EXERCISE DATA —
_____

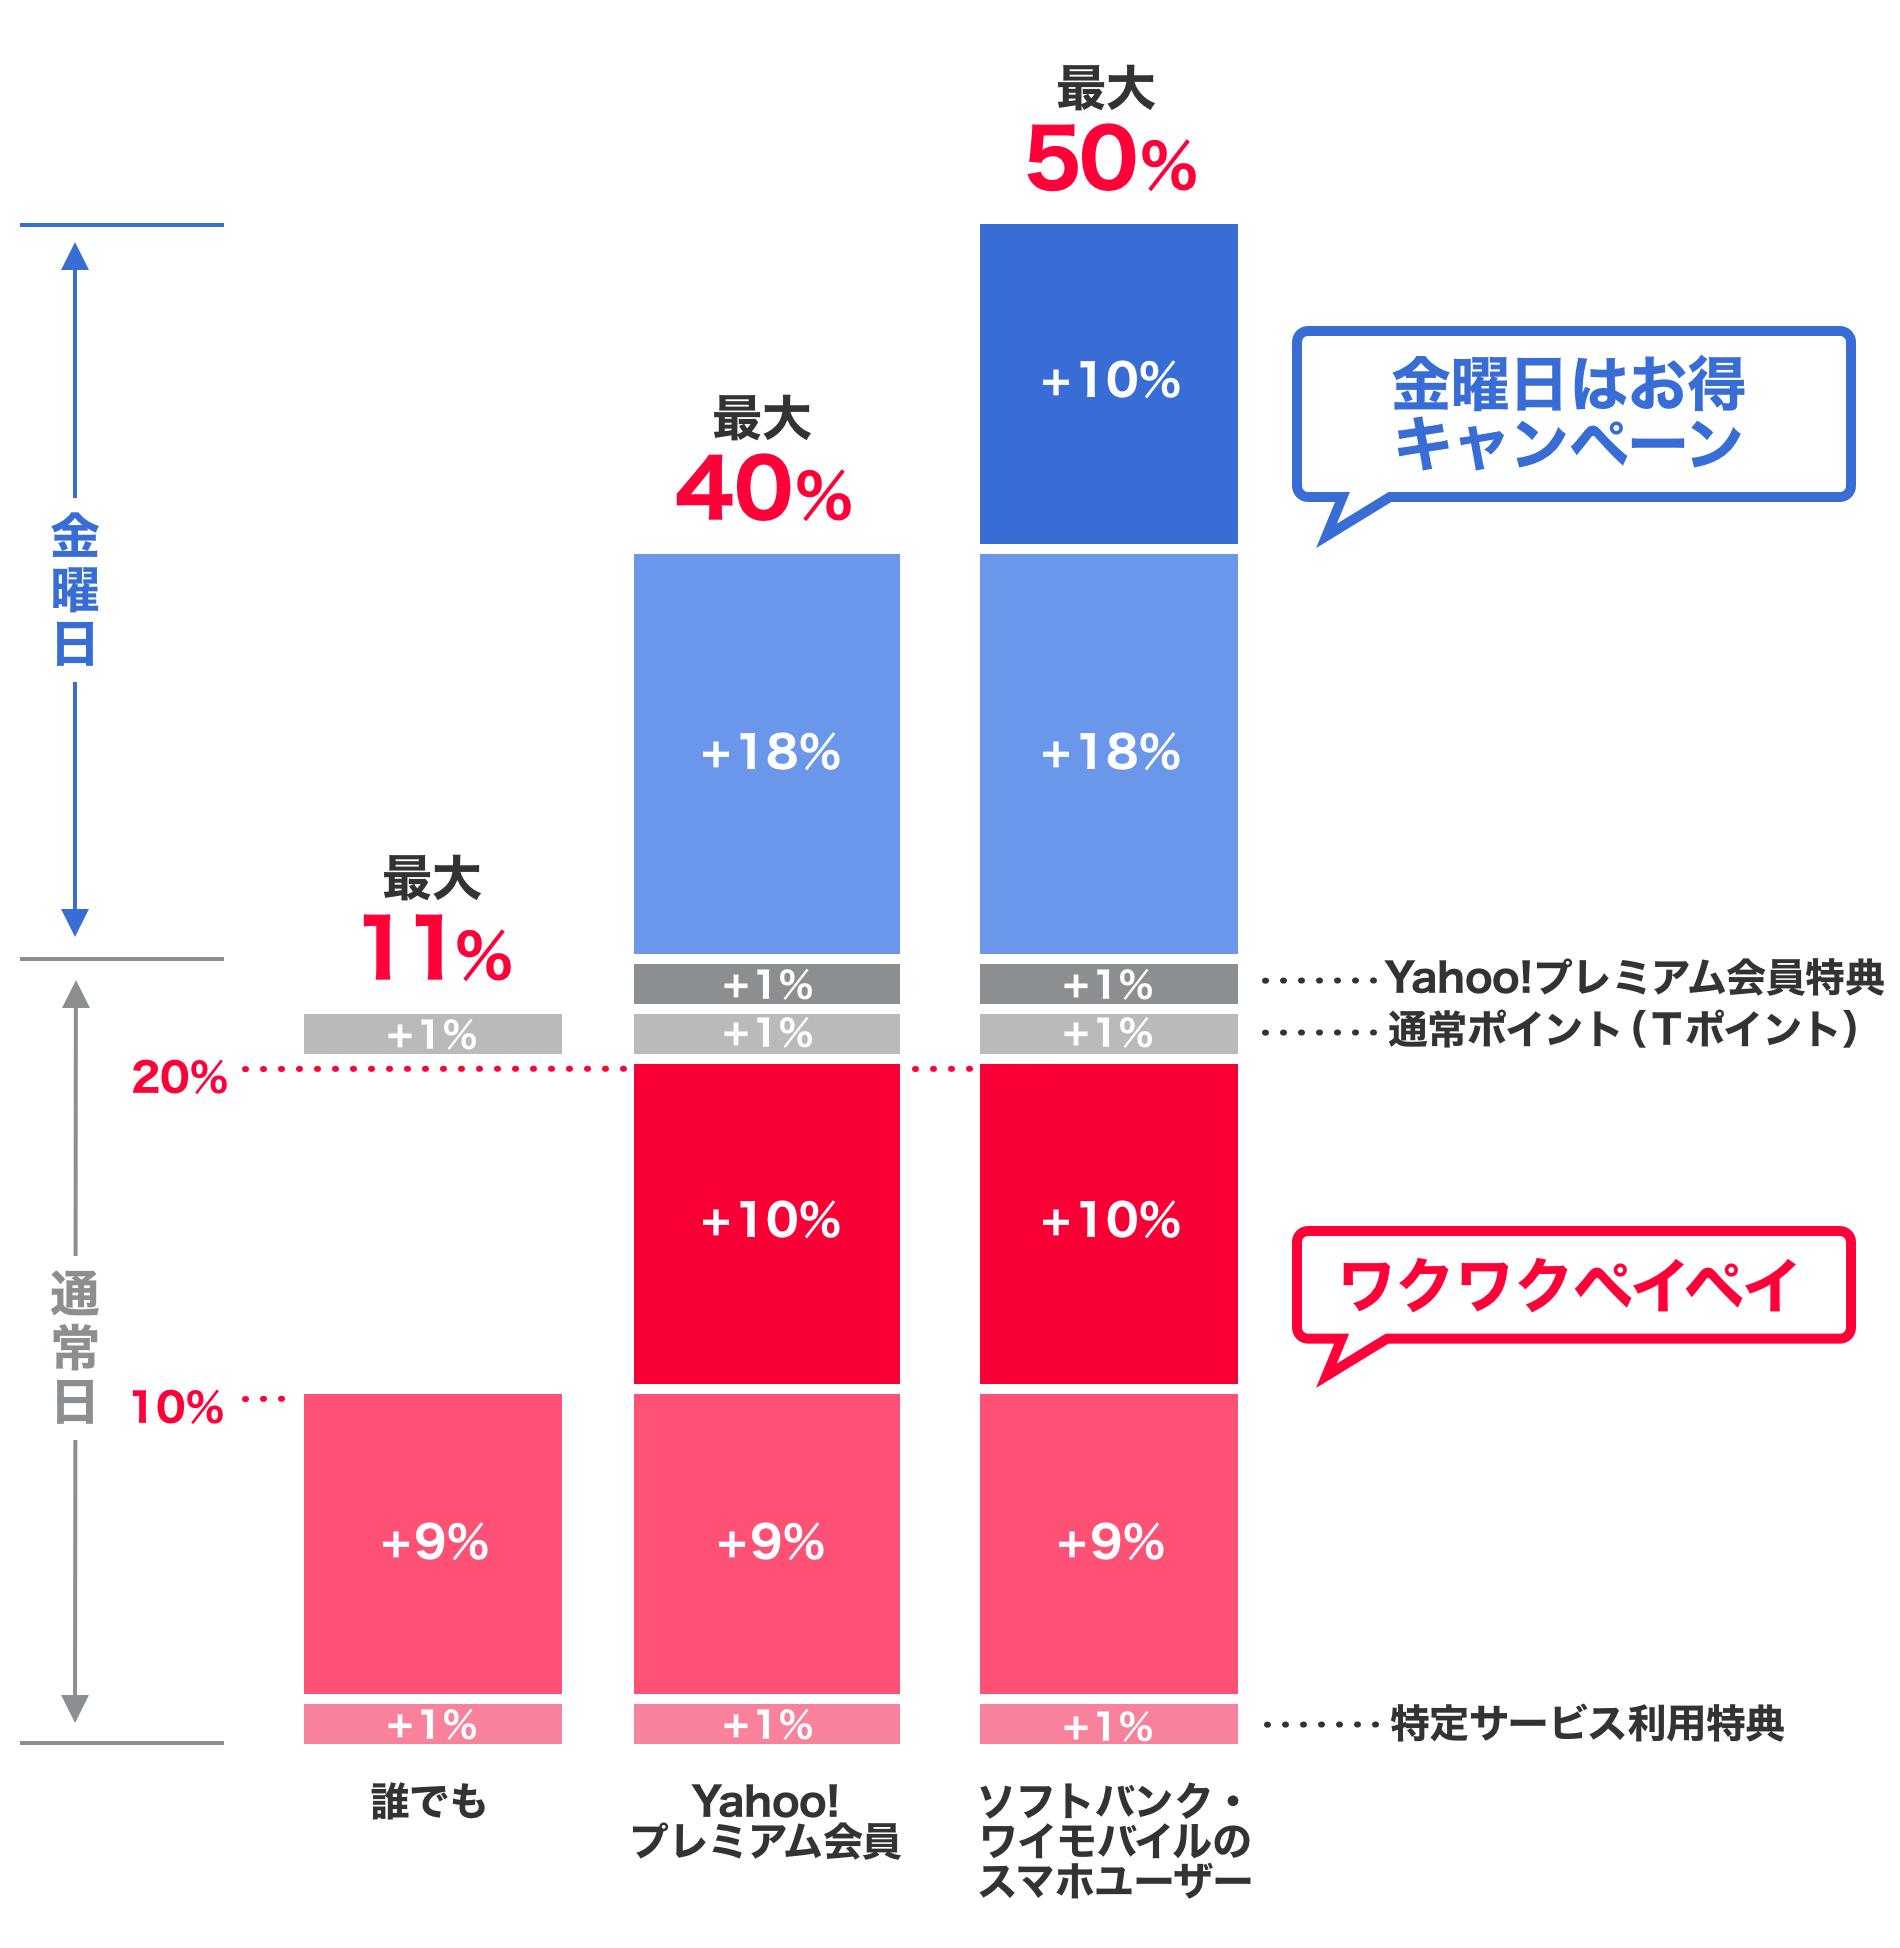 イー ブック ジャパン ヤフー
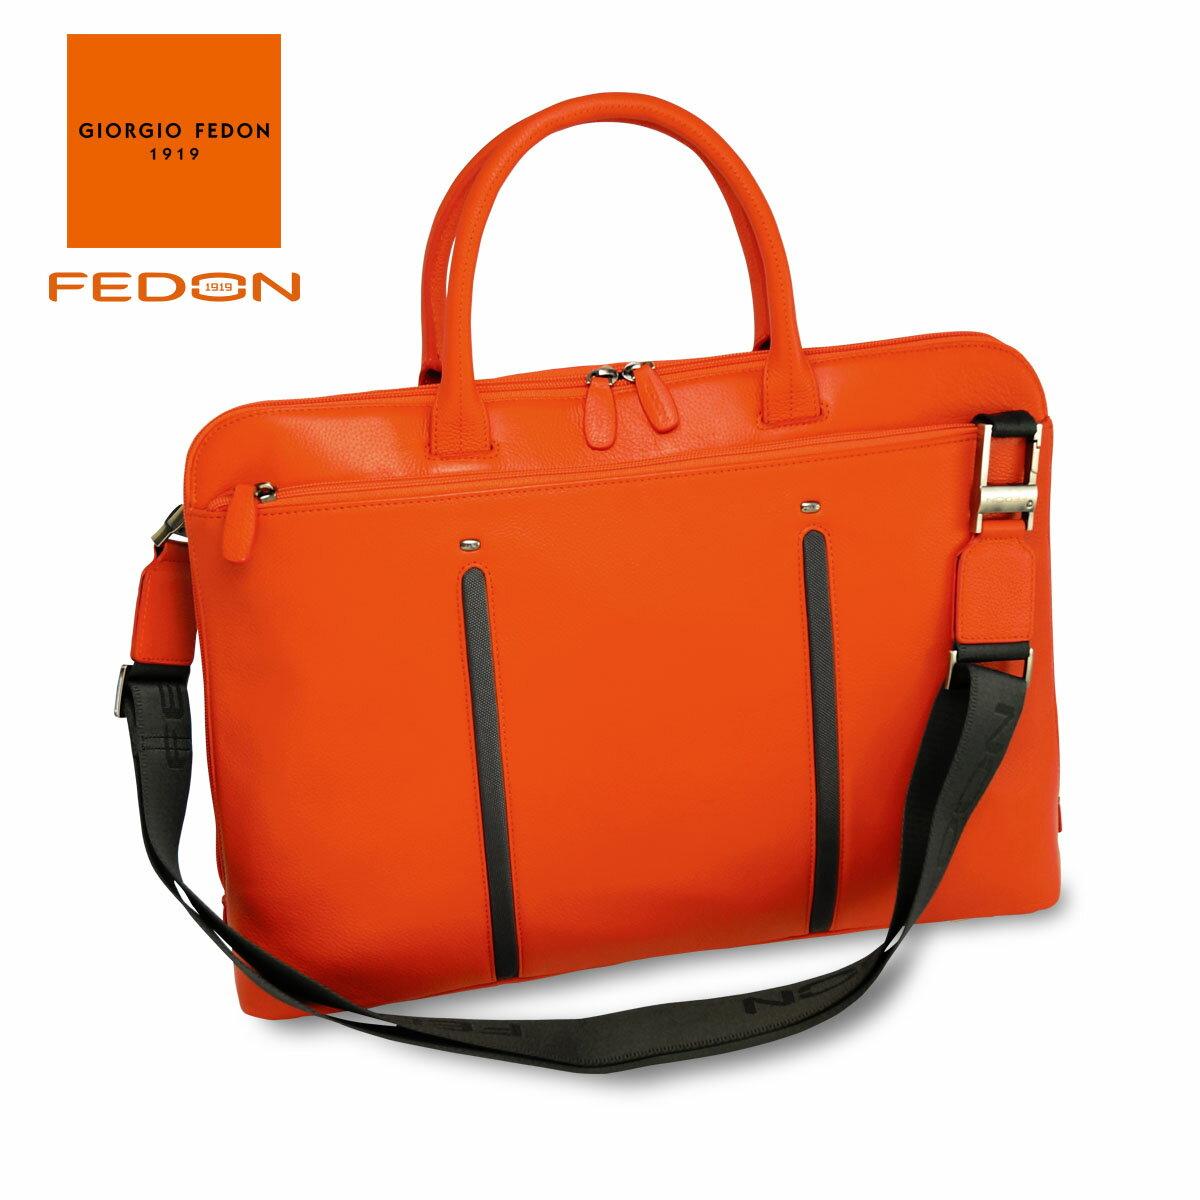 【イタリアブランド】 PCバッグ ビジネスバッグ ブリーフケース ショルダーバッグ 本革 レザー 通勤 出張 ジョルジオフェドン GIORGIO FEDON WEB-FILE-DOC バッグ オレンジ
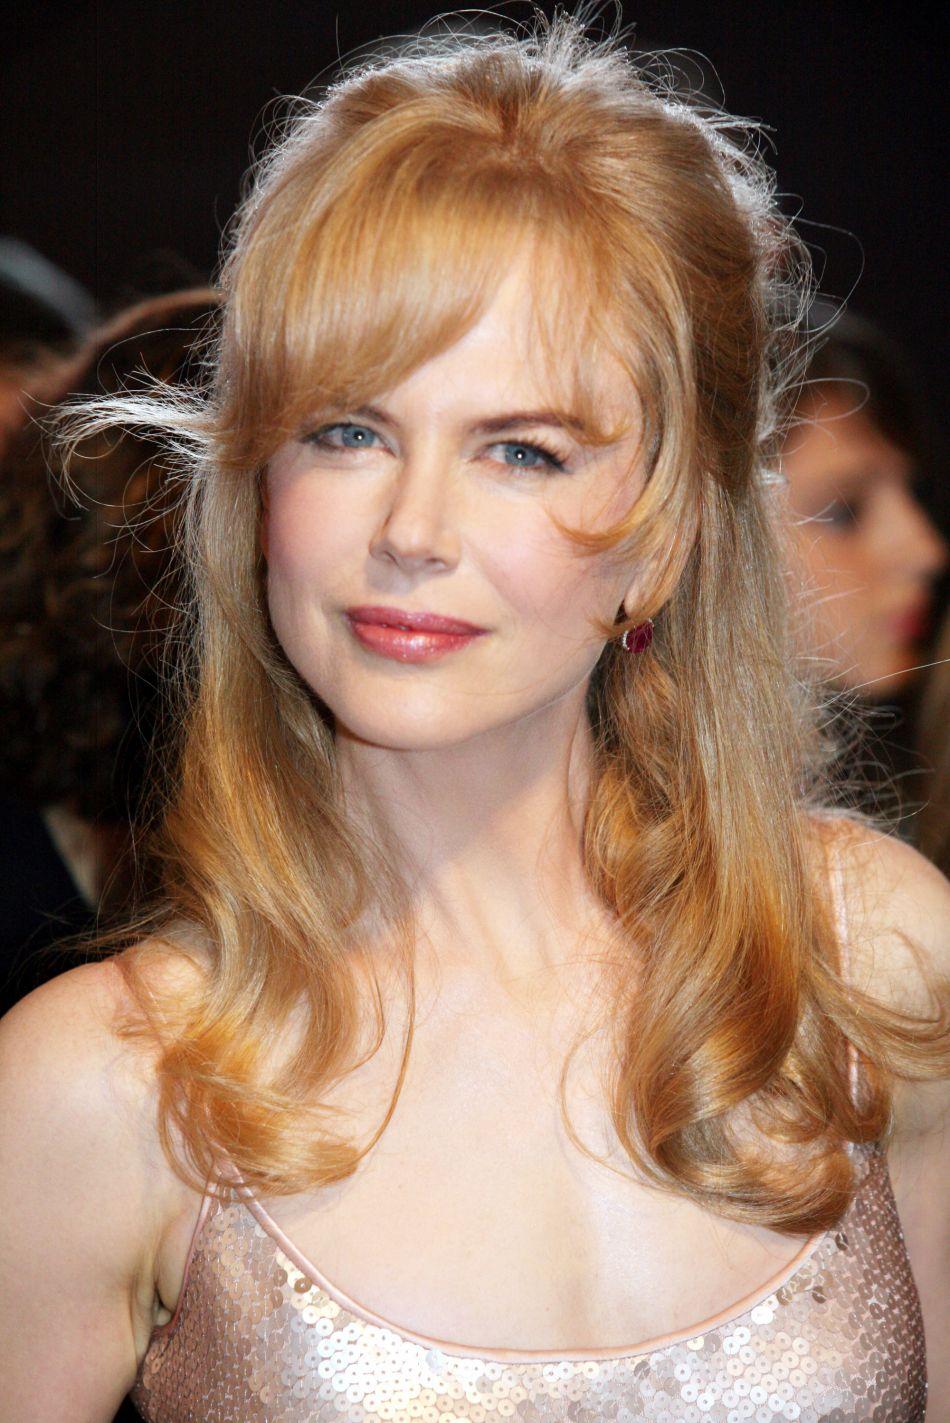 La même année, Nicole Kidman affiche un beauty look plus daté...
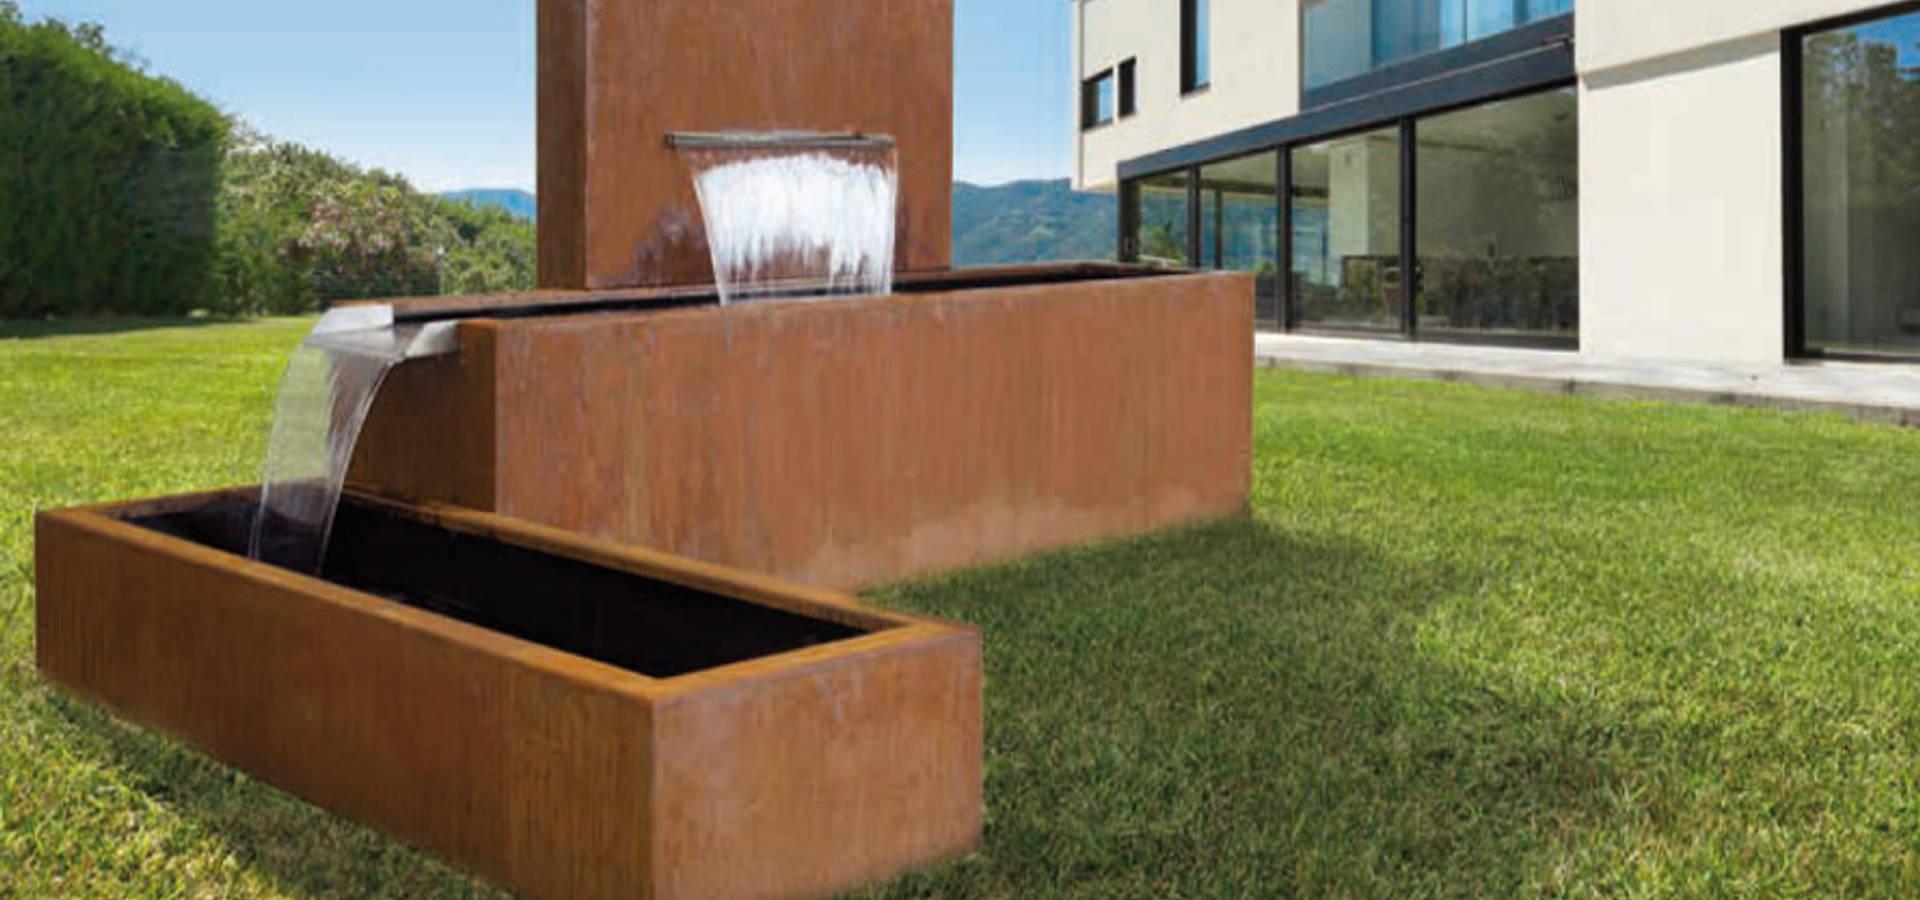 Cortenstahl brunnen by manufaktur von doberstein homify - Brunnen modern ...

_____

WHAT IS BEING ASKED — Please retype the data exactly, but do not carry over any picture.

SOLVED EXERCISE —
 イー ブック ジャパン ヤフー
 【イタリアブランド】 PCバッグ ビジネスバッグ ブリーフケース ショルダーバッグ 本革 レザー 通勤 出張 ジョルジオフェドン GIORGIO FEDON WEB-FILE-DOC バッグ オレンジ
 La même année, Nicole Kidman affiche un beauty look plus daté...
 Cortenstahl brunnen by manufaktur von doberstein homify - Brunnen modern ...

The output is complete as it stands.